To gain further insight into the cell cluster-specific regulatory network associated with KLF6, we compared its target genes in vRG and oRG cell clusters. KLF6 targets in vRG are most significantly related to biological processes that include responsiveness to abiotic stimulus and organic substances, regulation of apoptosis, neurogenesis or cell migration (corrected P-value<0.01). By contrast, in the oRG cluster, the KLF6 transcriptional network is significantly over-represented in genes linked to cholesterol and steroid biosynthesis, as indicated by GO terms such as cholesterol metabolism, regulation of cholesterol biosynthesis by SREBF and steroid biosynthesis or steroid metabolic process (corrected P-value<0.01; Fig. 3C,D; Table S3). To test for temporal differences in gene expression, we compared early and late radial glia at neurogenic stages and did not identify KLF6 or KLF6 cholesterol-related genes as statistically significant differentially expressed genes (Fig. S4D).
We performed a similar analysis on an independent dataset (Polioudakis et al., 2019) and, although we did not obtain a clear discrimination for KLF6 roles in radial glia cell subtypes (with few terms related to steroids in radial glia; Table S3), when we examined the KLF6 transcriptional network reported in Polioudakis et al. (2019), an enrichment for cholesterol metabolism emerged (corrected P-value<0.01; Table S3). Additionally, we observed a recapitulation of the statistically significant GO terms related to oRG fate (cholesterol biosynthesis pathway, or cholesterol metabolism; corrected P-value<0.05) when analyzing the integrated dataset [reference dataset with prefrontal and visual cortical samples from Bhaduri et al. (2021)]. However, in this case, we found a more similar profile in vRG as well (Table S3).
We found KLF6 target genes across the four sequentially activated gene expression programs detected by piNMF, and specifically enzymes of the cholesterol biosynthetic pathway in the latest-activated module in oRG (corrected P-value<0.01). As expected, KLF6 targets present in piNMF modules were enriched in cholesterol metabolism exclusively in the latest oRG module (Table S4). Lastly, in agreement with the reported roles of KLF6 as a regulator of cholesterol metabolism via activation of mTOR signaling and sterol regulatory element binding TFs (Syafruddin et al., 2019), we detected the mTOR signaling-related platelet-derived growth factor receptor PDGFRB and insulin-like-growth factor binding protein IGFBP2 as well as the GO term ‘activation of gene expression by SREBF′ in the late piNMF module 4 (corrected P-value<0.01; Table S4; see also Table S5).
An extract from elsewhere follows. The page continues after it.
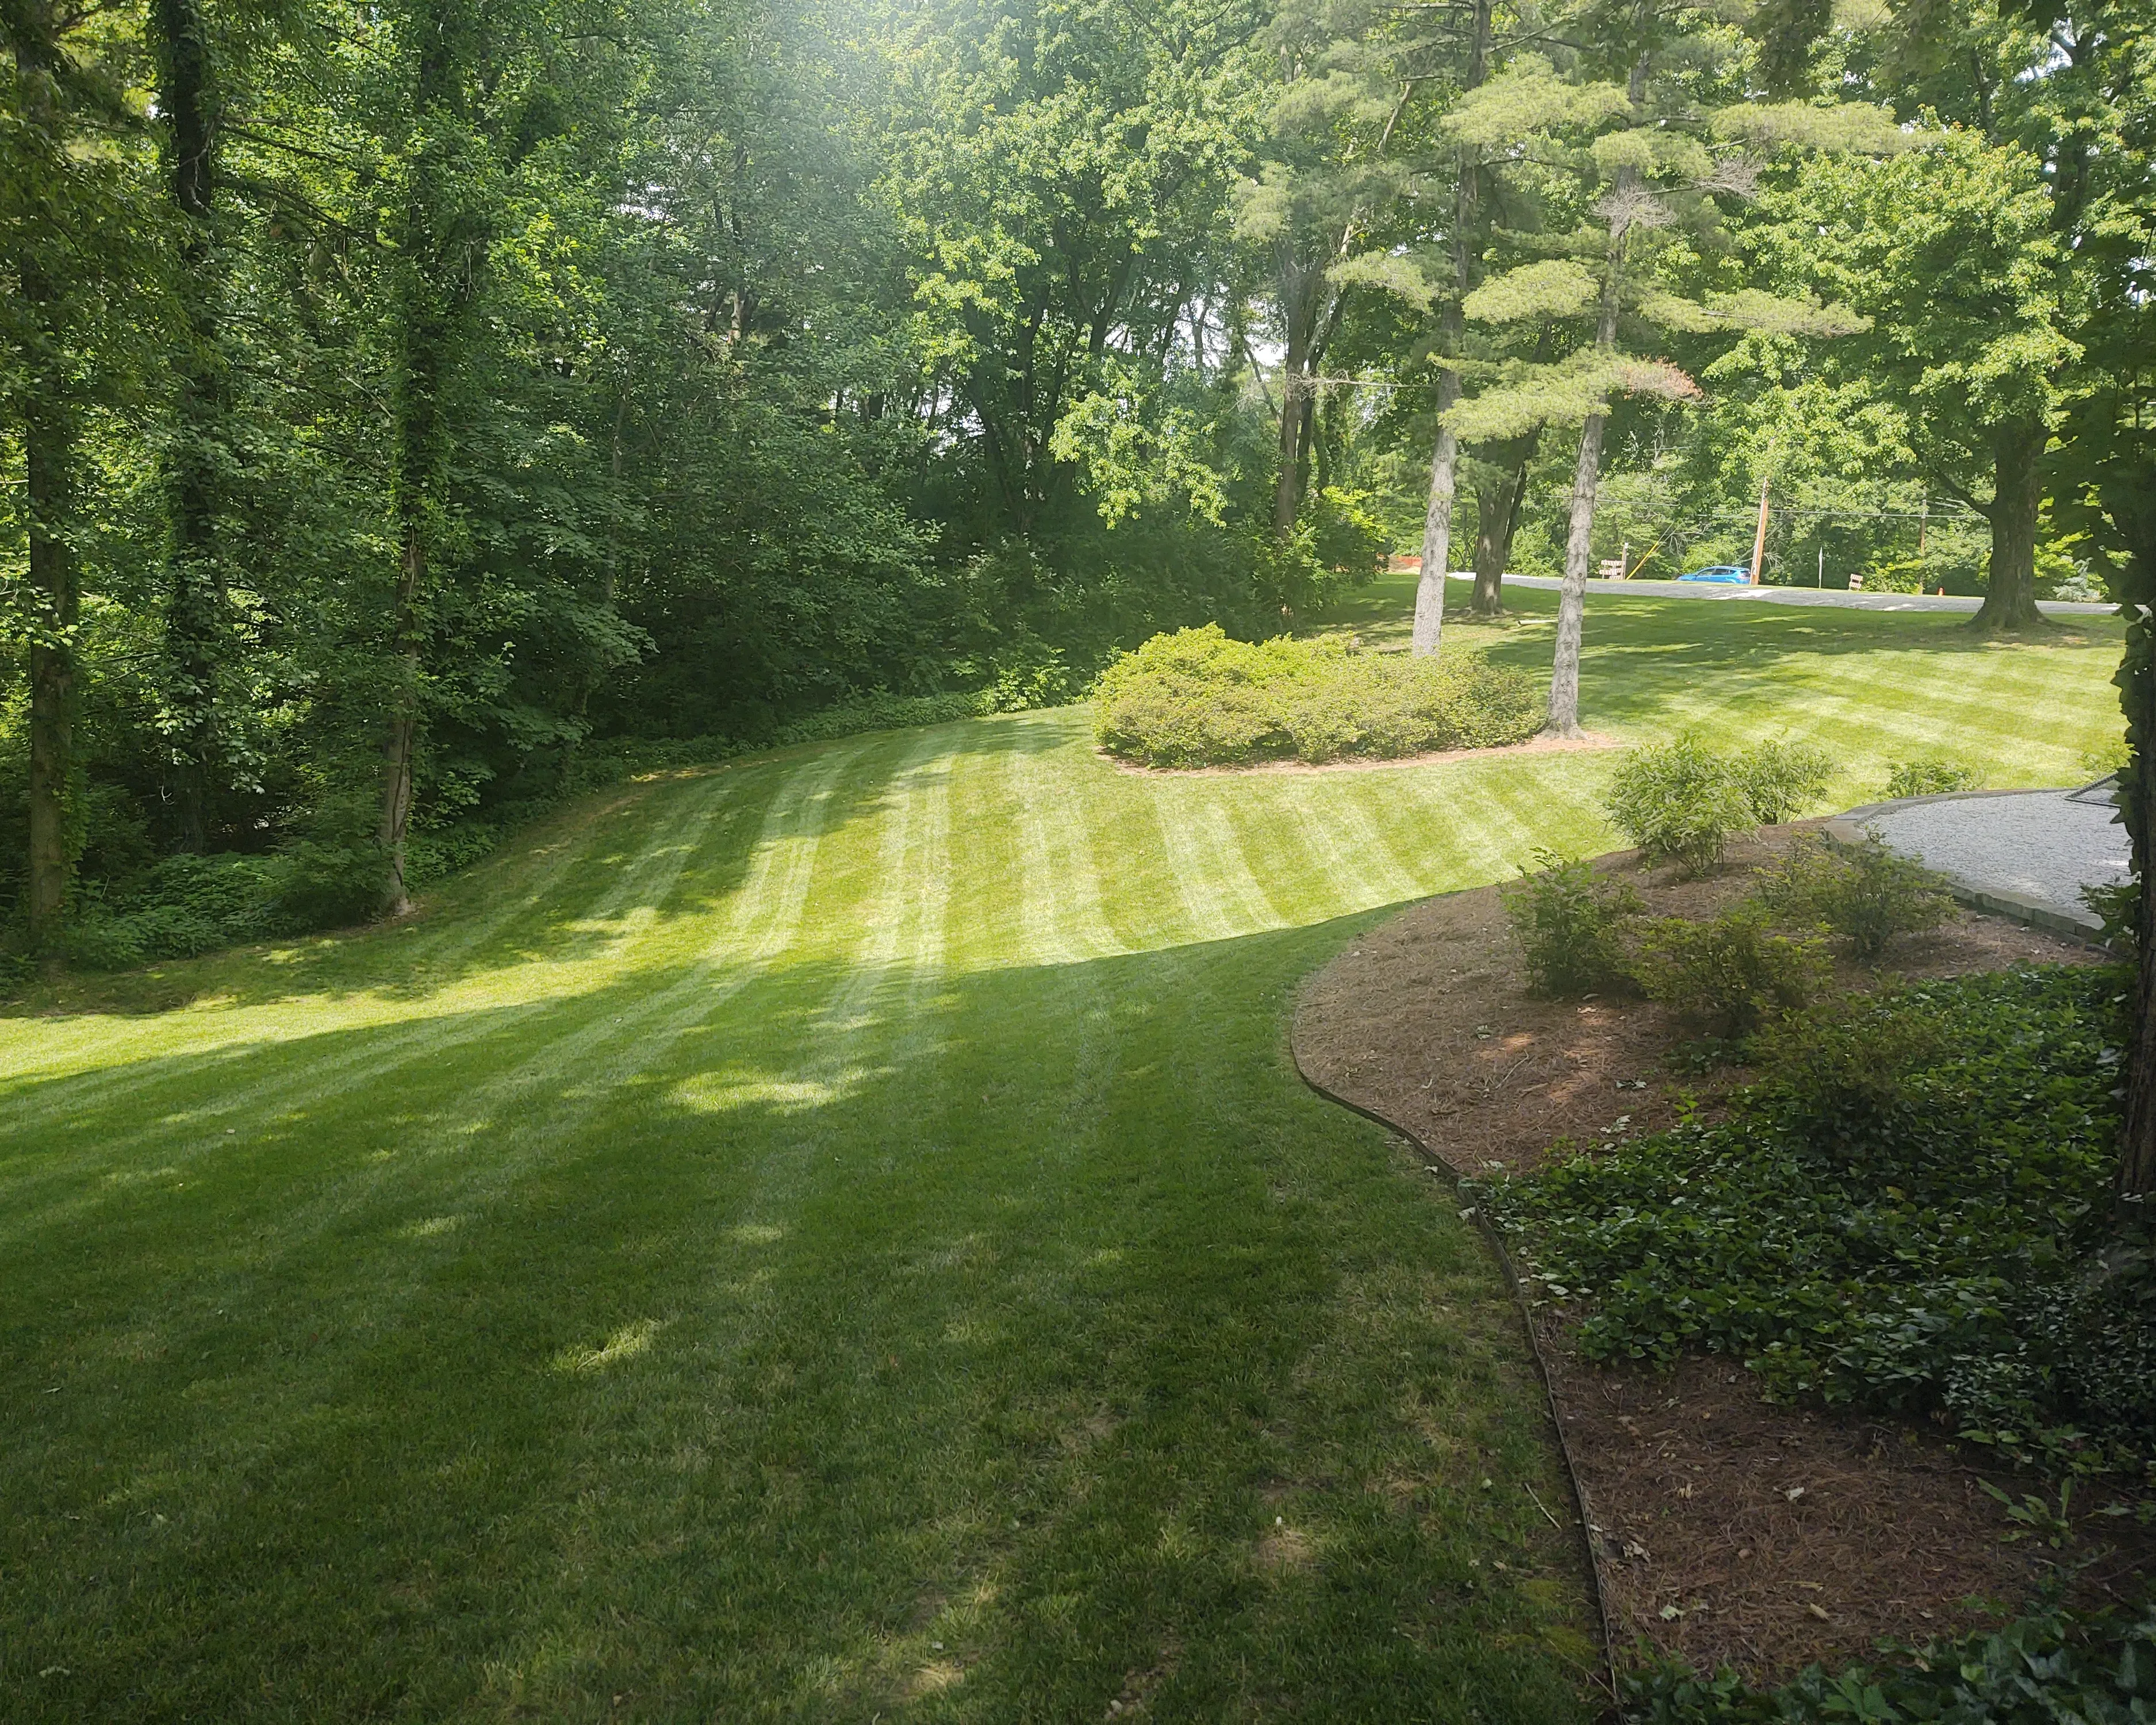 Lawn Care Maintenance for The Grass Guys Complete Lawn Care LLC. in Evansville, IN

To further test the central roles of KLF6 regulatory programs on radial glia, we leveraged the GRN modeling from CellOracle framework to perturb KLF6 expression in silico (Fig. 3E). This KLF6 knockout simulation reveals a prominent impact on radial glia fate, with a shifting in cell state trajectories towards IPs. Taken together, our results reveal a TF, KLF6, acting as a central node for the activation of a cholesterol metabolic program in human radial glia.
A paleogenomic interrogation of regulatory regions active during human corticogenesis
In light of recent work mentioned in the introduction showing how some protein-coding mutations (virtually) fixed across contemporary human populations but absent in closely related extinct species affect various aspects of neural progenitor cell behavior, and especially metabolic programs, we decided to take advantage of our comprehensive atlas of open chromatin regions active during human corticogenesis presented above and an extensive catalog of derived changes in our lineage (Kuhlwilm and Boeckx, 2019) to focus on the still less well studied mutations in the regulatory regions of the genome, aiming to identify any points of divergence among closely related species that achieved similar brain sizes (VanSickle et al., 2020), but likely via distinct ontogenies (Hublin et al., 2015), reflected in different neurocranial shapes.
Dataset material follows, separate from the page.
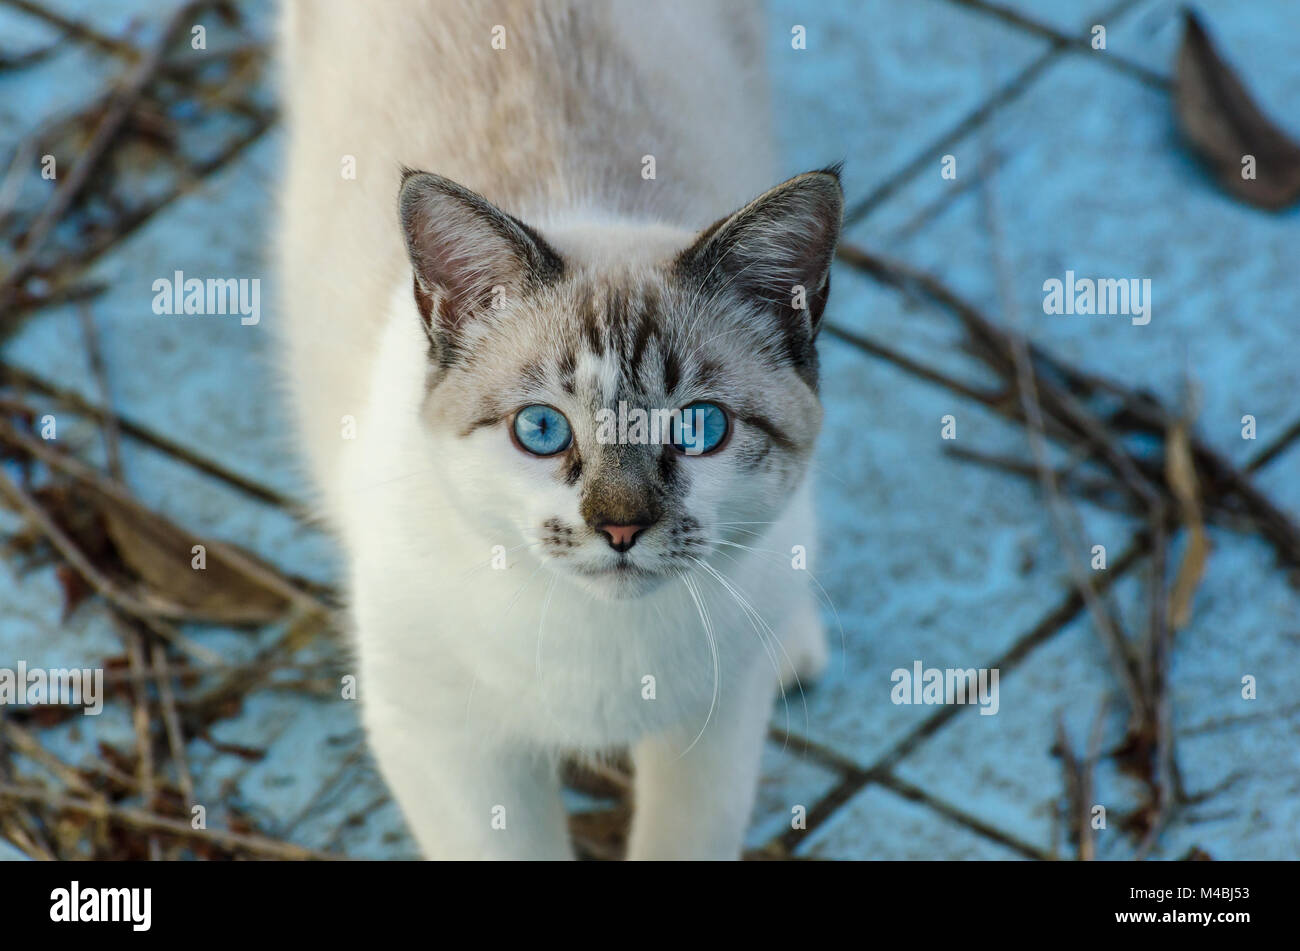 Cute cat with blue eyes playing inside an empty pool Stock Photo

To do so, we first isolated a set of regulatory regions that contain high-frequency Homo sapiens-derived variants but, crucially, for which the Neanderthals/Denisovans carry the ancestral allele [following the criteria in Kuhlwilm and Boeckx (2019)]. We call these ‘regulatory islands’, and defined such regions in terms of a genomic window of 3000 base pairs around each variant where the Neanderthal/Denisovan homolog regions did not acquire species-specific, derived variants (Fig. 4A; Materials and Methods). This led to the identification of a total of 4836 regulatory islands linked to 4797 genes, complementing and extending recent efforts on regulatory variants derived in our lineage (McArthur et al., 2022 preprint; Moriano and Boeckx, 2020; Weiss et al., 2021).
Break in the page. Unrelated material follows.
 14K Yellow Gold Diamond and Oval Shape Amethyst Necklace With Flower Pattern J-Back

Next, we tested whether regulatory regions associated with genes found in either oRG- or IPC-lineage gene expression modules identified in our above analysis were statistically associated to regulatory islands more often than by chance (Materials and Methods). An enrichment for regulatory regions of genes in the IPC lineage in regulatory islands was detected (permutation test, P-value<0.01), although this was not the case for the oRG lineage (P-value=0.24). We caution, however, that the genes tested (highly variable genes) are only a subset of those expressed by neural progenitor cells. In terms of relative proportions, we observed a more pronounced abundance of genes associated with regulatory islands in late, relative to early, modules in the oRG branch, whereas a more even distribution is observed in the IPC branch [Fig. 4A; for both datasets studied here, Trevino et al. (2021) and Polioudakis et al. (2019); see also Table S6]. Among the genes linked to regulatory islands we found key oRG markers such as HOPX, PTPRZ1, LIFR, MOXD1, and indeed KLF6, to which we return in the next subsection.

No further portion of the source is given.